• **Goal of the exercise**:
Only the lines of the data below from the one with "bếp và phòng ăn mẫu nhà ống 3 tầng" through the one with "اختتام دورة الإعلام" are wanted. Repeat them exactly.

• **Exercise data**:
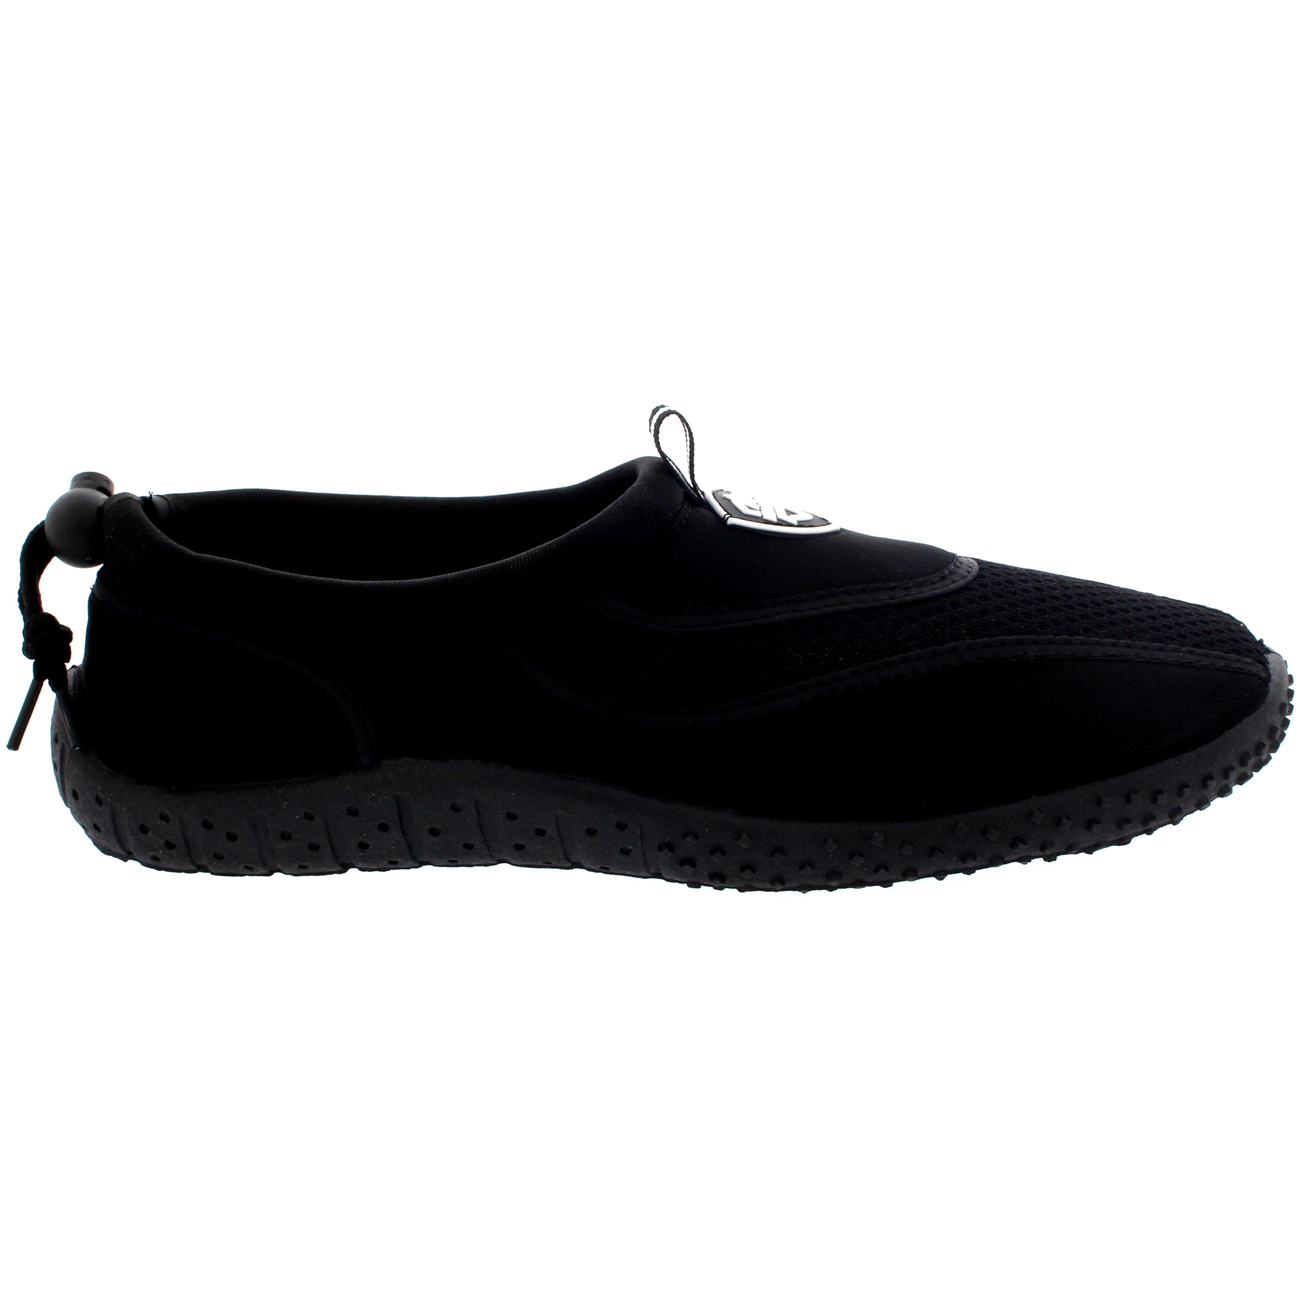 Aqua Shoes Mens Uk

* * *

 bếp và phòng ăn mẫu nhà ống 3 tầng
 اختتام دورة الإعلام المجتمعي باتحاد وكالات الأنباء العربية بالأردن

* * *

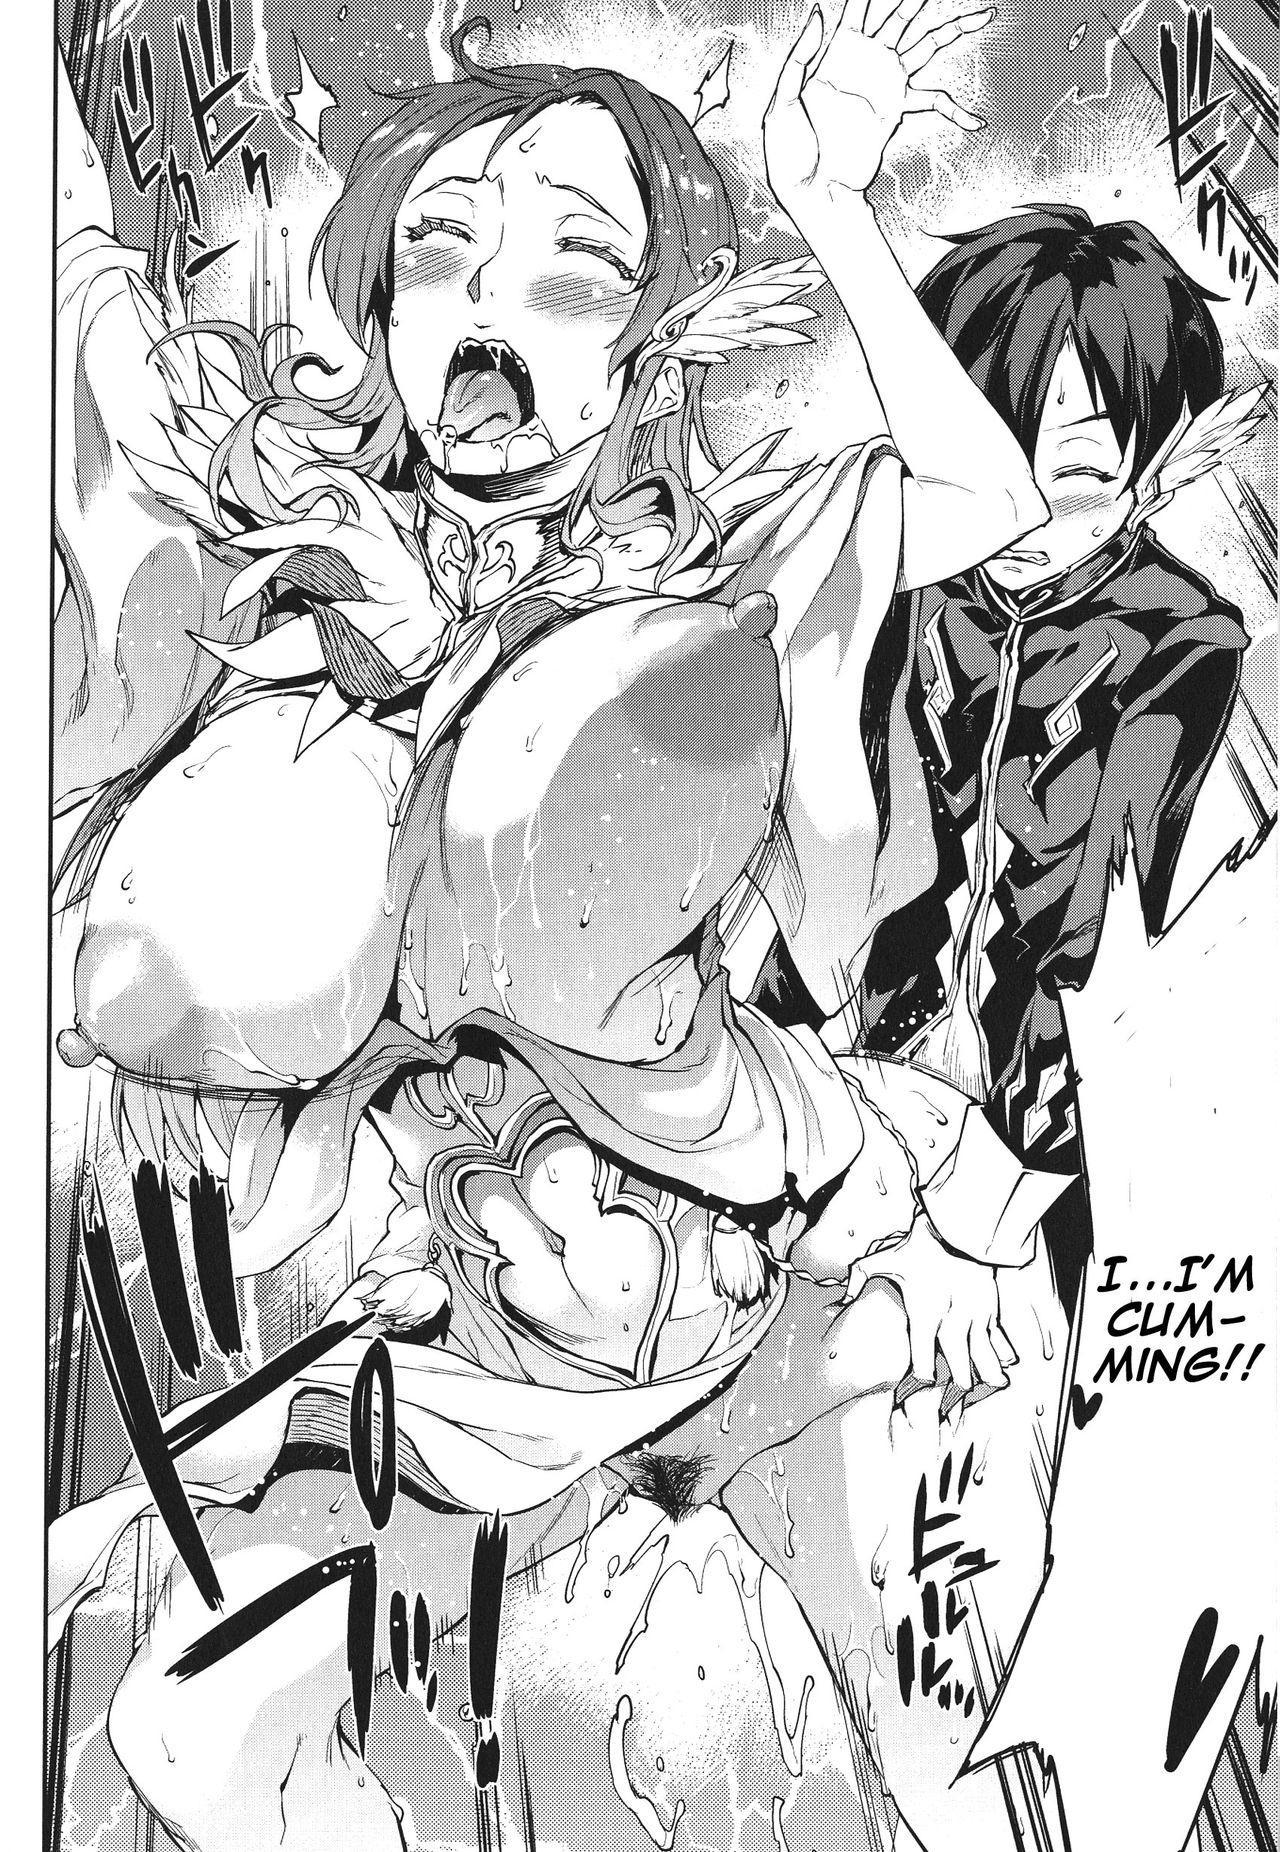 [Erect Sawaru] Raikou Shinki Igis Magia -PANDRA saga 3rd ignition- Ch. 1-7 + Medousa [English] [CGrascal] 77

• **Solution**:
 bếp và phòng ăn mẫu nhà ống 3 tầng
 اختتام دورة الإعلام المجتمعي باتحاد وكالات الأنباء العربية بالأردن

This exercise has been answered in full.